Definitive attribution of all healthcare resource usage due to HZ is usually impractical due to insufficient clinical detail in large electronic databases such as those linked in this study. Hence, we compared the overall resource usage within each domain of interest (number of hospitalisations, GP visits (defined as MBS item numbers 3, 4, 20, 23, 24, 35, 36, 37, 43, 44, 47, 51), prescriptions filled, and ED visits) to estimate the excess healthcare resource usage. Similar to other studies, we defined the “acute/sub-acute phase” as a period of 21 days prior to and 90 days following the diagnosis of HZ . We also created two time periods of equivalent length (112 days) before and after the “acute/sub-acute” phase (altogether 5 periods, P1 (-245 to -134 days), P2 (-133 to -22 days), P3-acute/sub-acute period (-21 to +90 days, day 0 represents the HZ diagnosis day), P4 (+91 to +202 days), P5 (+203 to +314 days), hereafter called the analysis time-frame) and compared the resource utilisation in corresponding periods between cases and controls.

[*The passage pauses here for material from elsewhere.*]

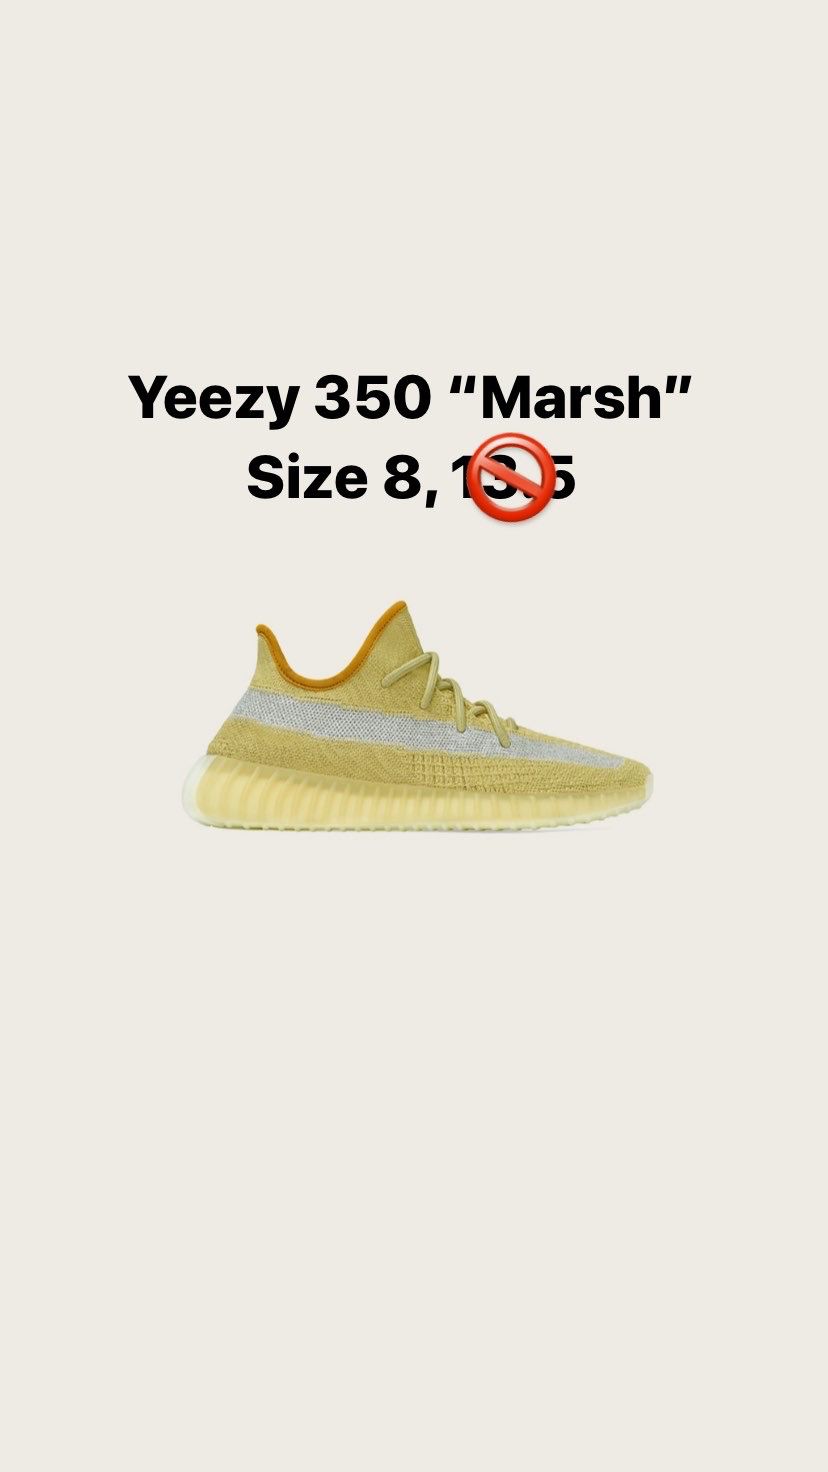 DS Yeezy 350 “Marsh” size 8

For the primary analyses, we selected matched controls equal in number to the HZ cases. Controls were selected from the cohort and matched to cases on age (single year), sex, and prior health resource usage. Prior resource usage was estimated by taking the average number of GP visits, hospitalisations, prescriptions filled and ED visits in the one year period (day -610 to -246) prior to the analysis time-frame. All participants in the cohort who were not cases were randomly assigned an index date within the range of first and last date of zoster diagnosis observed among the cases. Propensity scores were then calculated using the matching variables, and controls were selected based on those with the closest match on propensity score to cases. Both cases and controls had equivalent periods of resource usage data available.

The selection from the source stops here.